A previous analysis of NHL risk in the National Cancer Institute (NCI) Surveillance, Epidemiology, and End Results (SEER) NHL study, a population-based case-control study of NHL at four SEER centers (Detroit, Los Angeles, Seattle, and Iowa), revealed unexplained areas of significant risk in Detroit, Los Angeles, and Iowa after adjusting for the risk factors age, race, gender, education, and home treatment for termites before 1988, a surrogate for exposure to chlordane (Wheeler et al. 2011). The analysis also explored the latency period that may be relevant for environmental exposures for NHL and found that a lag time of 20 years before diagnosis was most associated with risk of NHL. Here, we perform an analysis of NHL risk in the NCI-SEER study to adjust for additional risk factors of exposure to PCBs and presence of specific genetic polymorphisms available for a subset of subjects to ascertain whether or not they explain the previously detected areas of elevated risk.

Details of the NCI-SEER study have been reported previously (Chatterjee et al. 2004; Morton et al. 2008; Wheeler et al. 2011).
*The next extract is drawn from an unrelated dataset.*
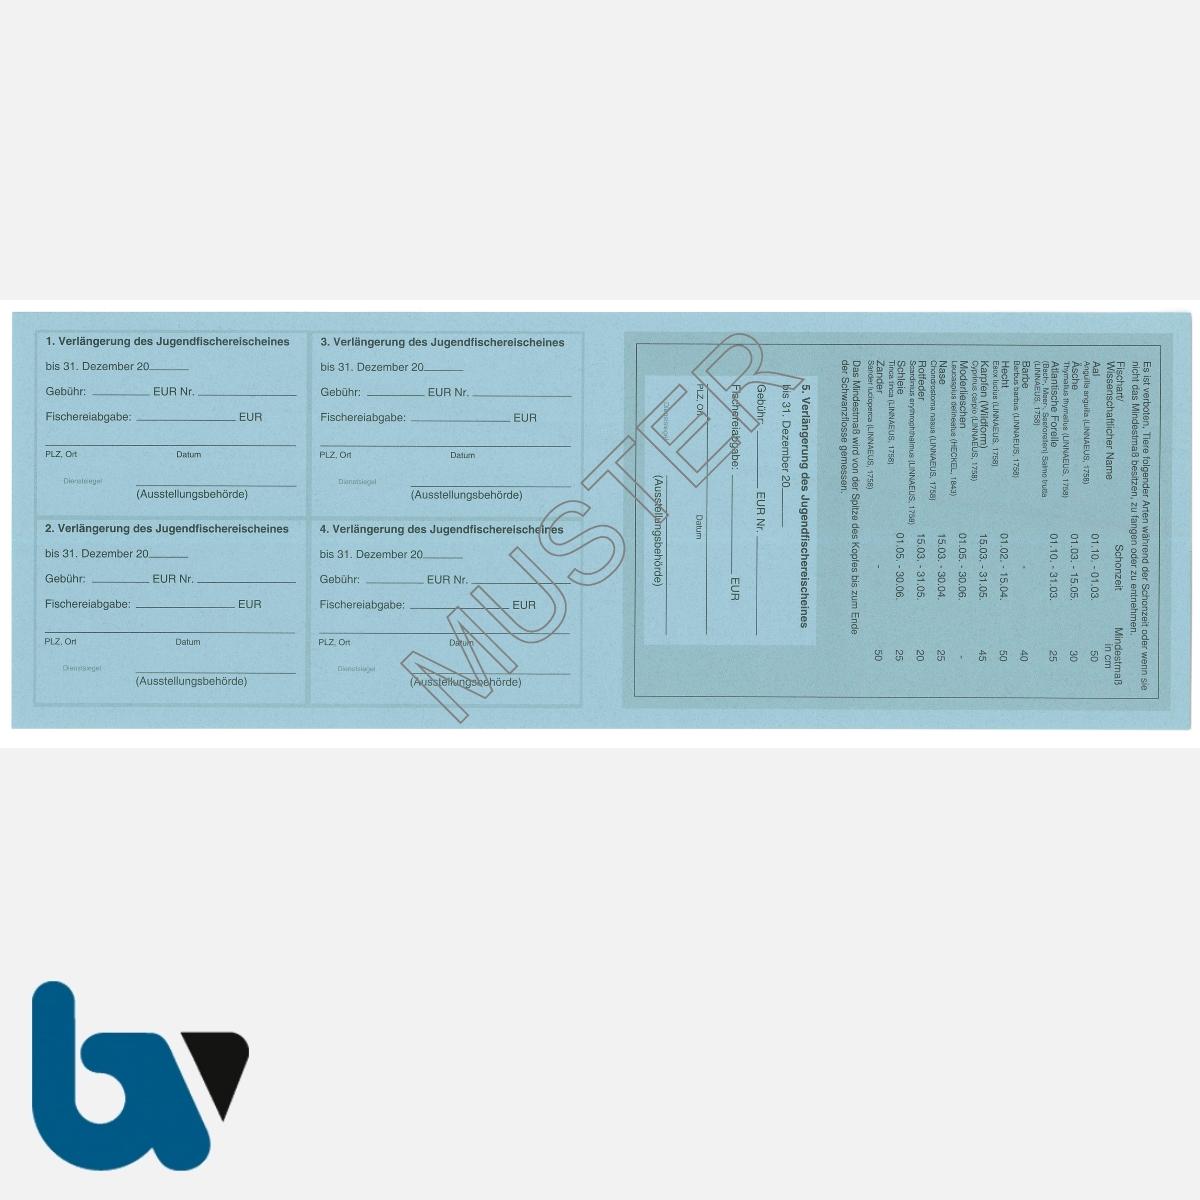 3/456-3 Jugendfischereischein Hessen blau Neobond Muster RS | Borgard Verlag GmbH
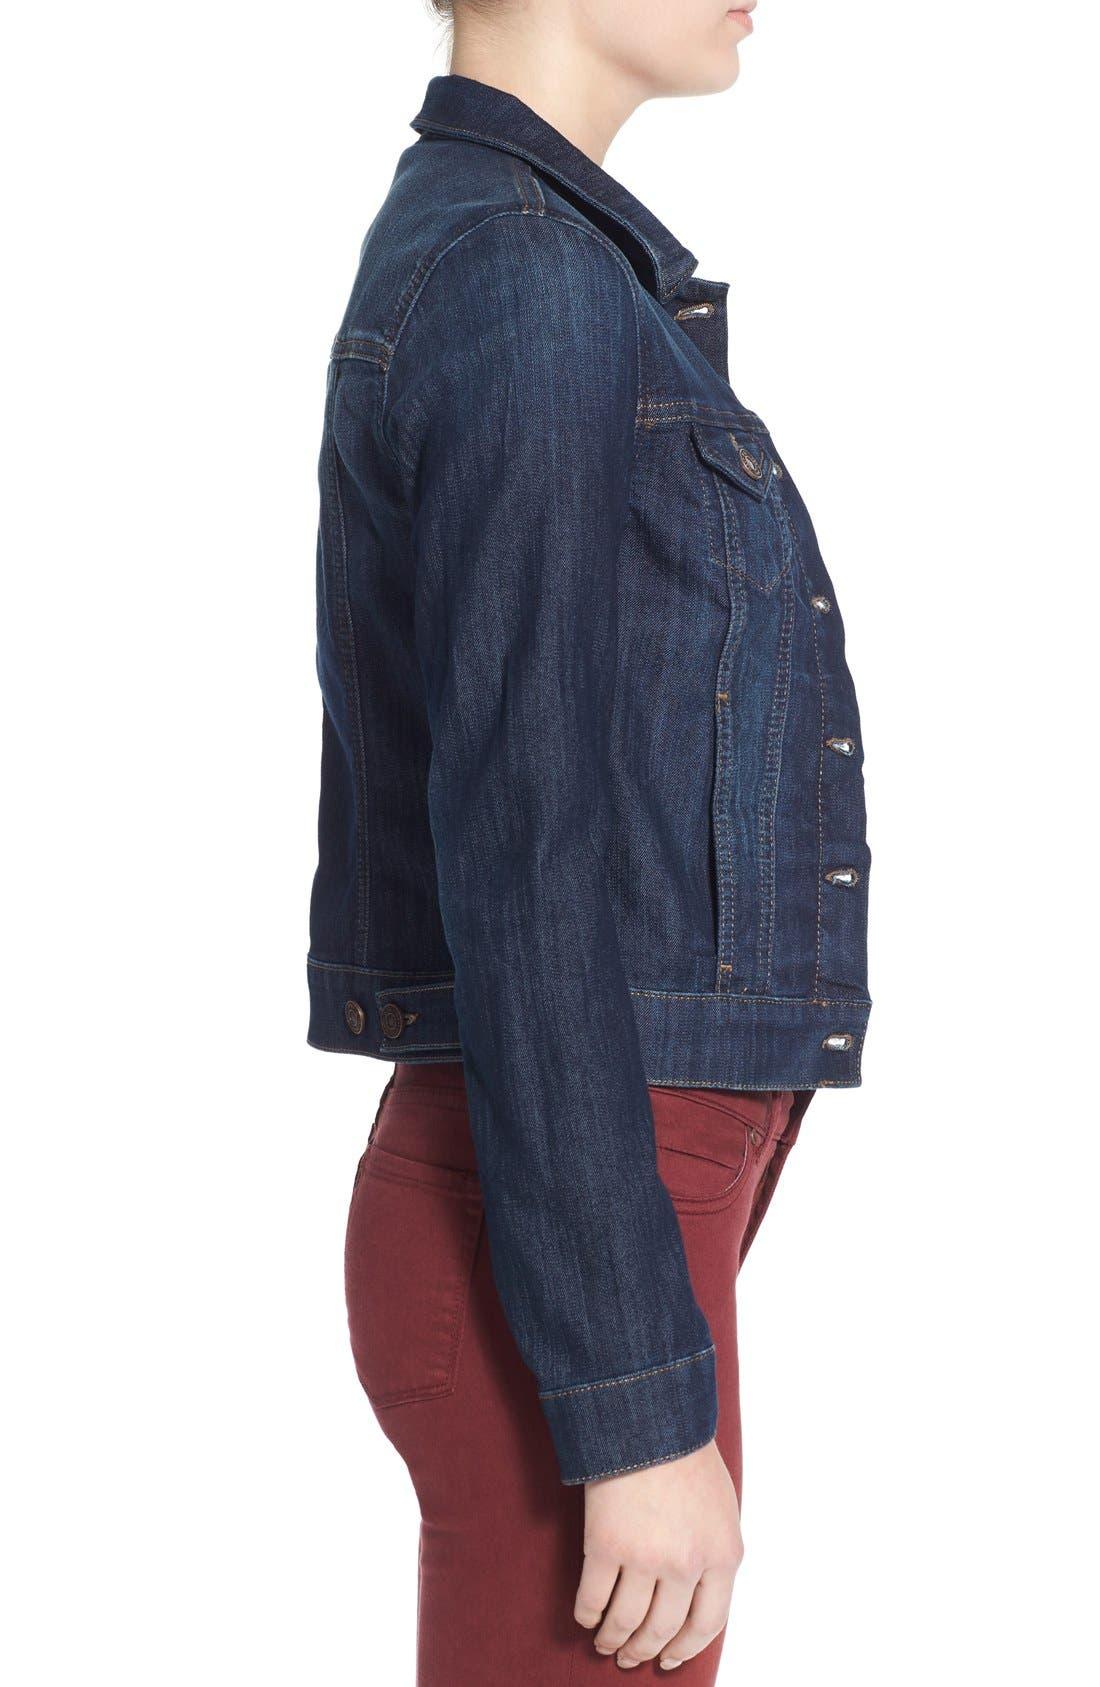 MAVI JEANS, 'Samantha' Denim Jacket, Alternate thumbnail 5, color, DARK NOLITA

NHL cases aged 20 to 74 years were identified between July 1, 1998 and June 30, 2000. Participants provided lifetime residential histories that were then matched to geographic address databases. In addition to demographic data and select risk factors available for all subjects, carpet dust samples from used vacuum cleaner bags were collected in homes to measure residential exposure to PCBs for 58% of cases and 56% of controls, and genotyping was conducted from DNA samples for 89% of cases and 93% of controls. Details on the collection and analysis of the dust samples are available in Colt et al. (2005). Based on the previous findings of a significant association between NHL incidence and residential levels of PCB congener 180 (Colt et al. 2005; Morton et al. 2005), we used concentrations of this PCB in our analysis. We used a binary measure of PCB 180 exposure, defined as 1 if PCB 180 was >=44.4ng/g in dust, where this level was the lower bound for the highest category of exposure in Morton et al. (2008). Based on findings of increased risk of NHL with genetic polymorphisms for the genes FCGR2A, RAG1, TNF, and XRCC1 (Morton et al. 2008), we included these in our analysis.

To be consistent with the analysis of Wheeler et al. (2011) while exploring the elevated areas of NHL risk, this analysis included only study participants with a complete 20-year residential history within one of the three study centers that contained areas of significantly elevated risk. A total of 671 cases (67 percent) and 516 controls (68 percent) met this criterion. Among these subjects, there were 521 cases and 404 controls with complete genetic data and 305 cases and 212 controls with complete genetic and PCB data.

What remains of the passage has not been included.